In this setting, what justifies the postulate that a fermion particle must be described by a field transforming according to a representation of the Clifford algebra?

More details:

Particles are classified according to the irreducible representations of the orthogonal group, $\mathrm{SO}(d-1)$ (where $d$ is the number of spacetime dimensions; I'm taking all particles to be massive for simplicity).

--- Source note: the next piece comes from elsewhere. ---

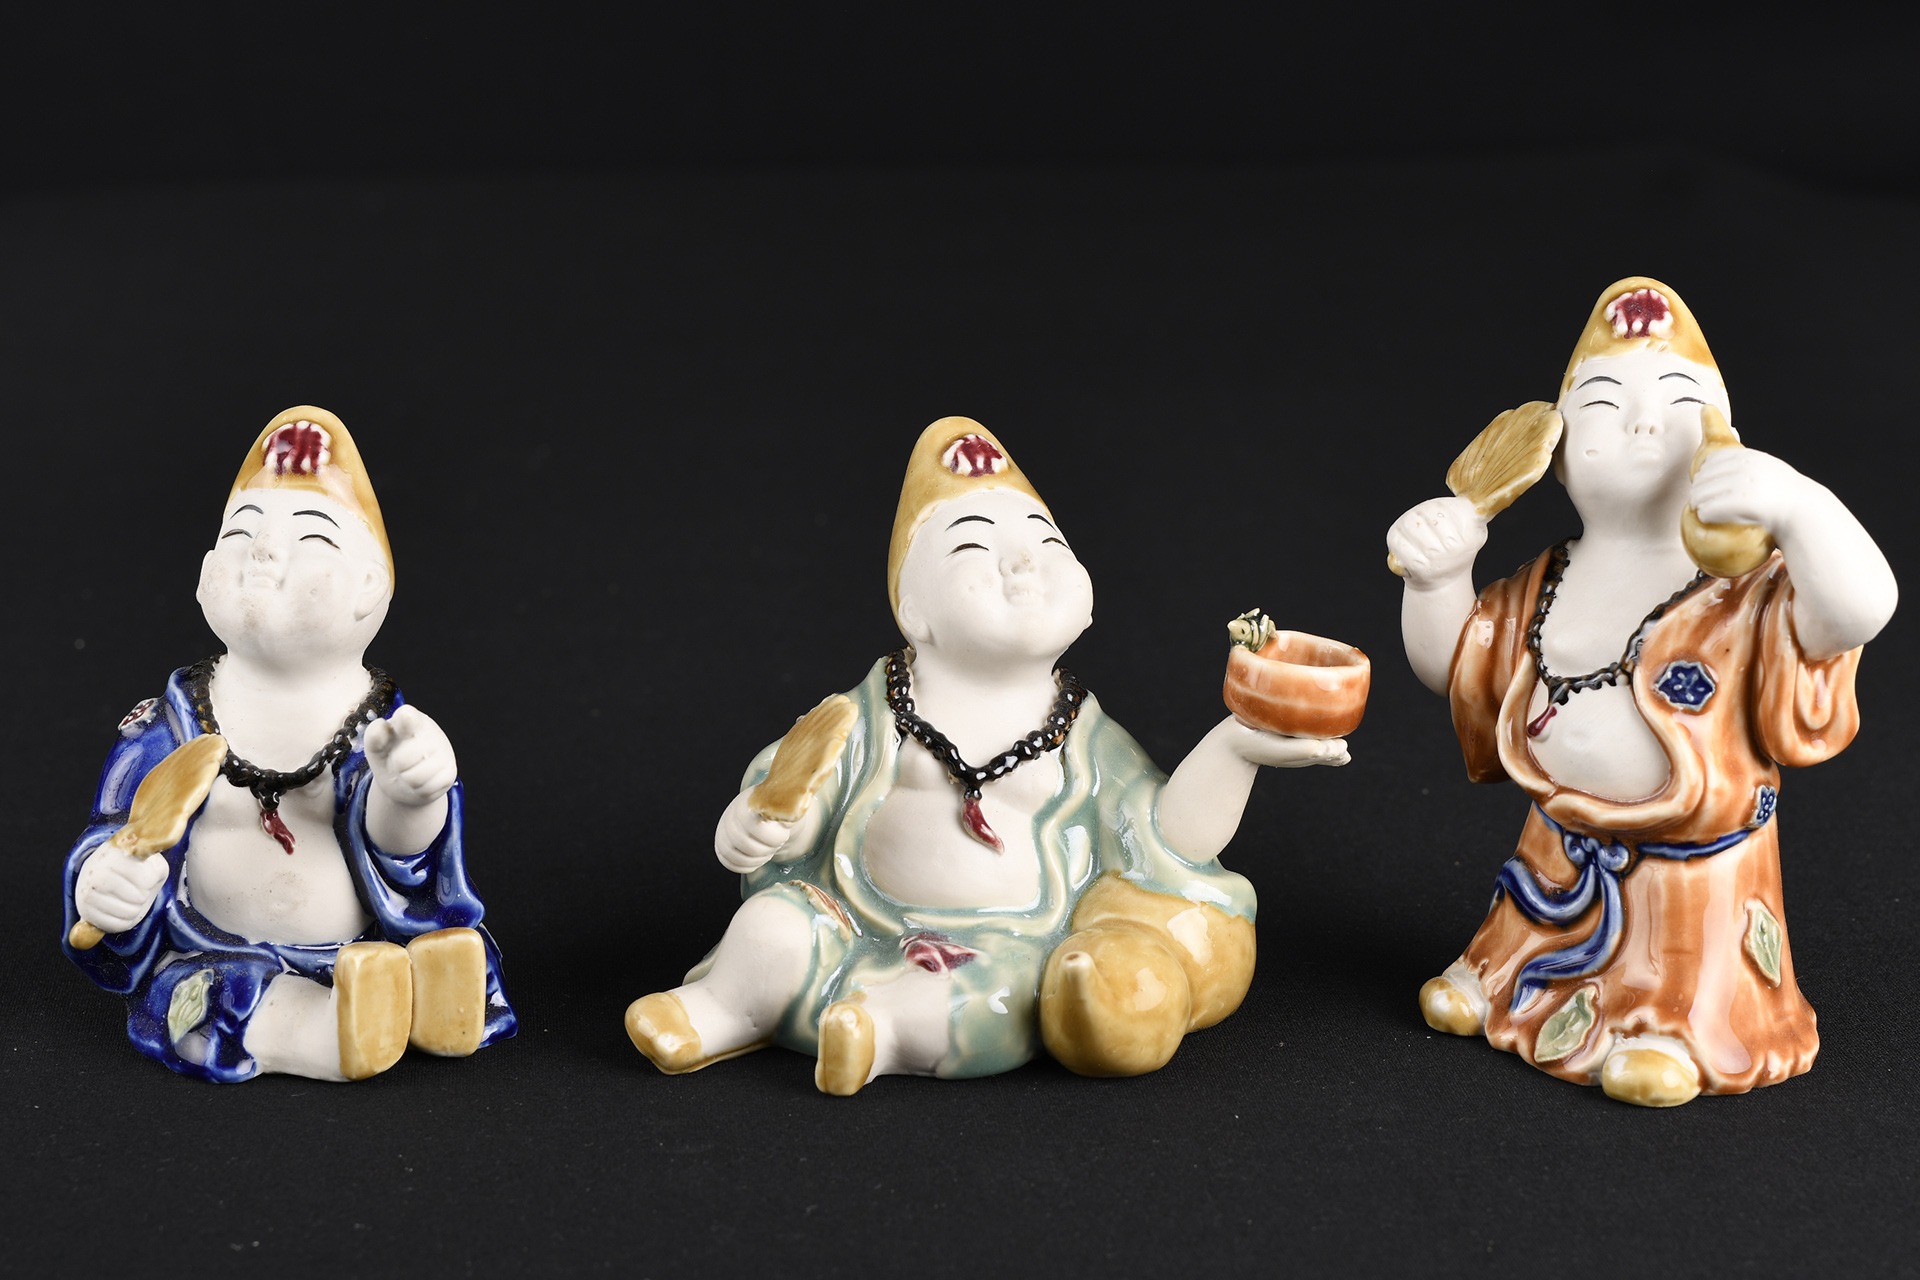 Set of 3 Porcelain Chinese Figures.

Once you have a particle described by a representation $R$ of $\mathrm{SO}(d-1)$, you introduce a field $\psi$ which, by definition, lives in a representation $R'$ of the Lorentz group, $\mathrm{SO}(1,d-1)$. The non-trivial question is which representation $R'$ corresponds to a representation $R$; that is, what field is to be used to describe a certain particle. In general, the answer is non-unique, so we should actually look for "the simplest" $R'$ for a given $R$.

In his book, Weinberg addresses this question in $d=4$. For example, the trivial representation of the orthogonal group corresponds to the trivial representation of the Lorentz group (i.e., scalar particles correspond to scalar fields). Similarly, the spin $s=1/2$ representation of the orthogonal group corresponds to the $(0,\frac12),(\frac12,0)$ representations of the Lorentz group. To conserve parity, these are to appear together, so $$ \text{spin $s=1/2$}\quad \Longleftrightarrow \quad (0,\tfrac12)\oplus(\tfrac12,0) $$

Now comes the key point: as it turns out, the right hand side of this equation actually corresponds to the an irreducible representation of the Clifford algebra $$ \gamma^{(\mu}\gamma^{\nu)}=\eta^{\mu\nu} $$ but this is only an a-posteriori realisation. There was no reason to expect Clifford to be relevant from the beginning. It just happens to be so.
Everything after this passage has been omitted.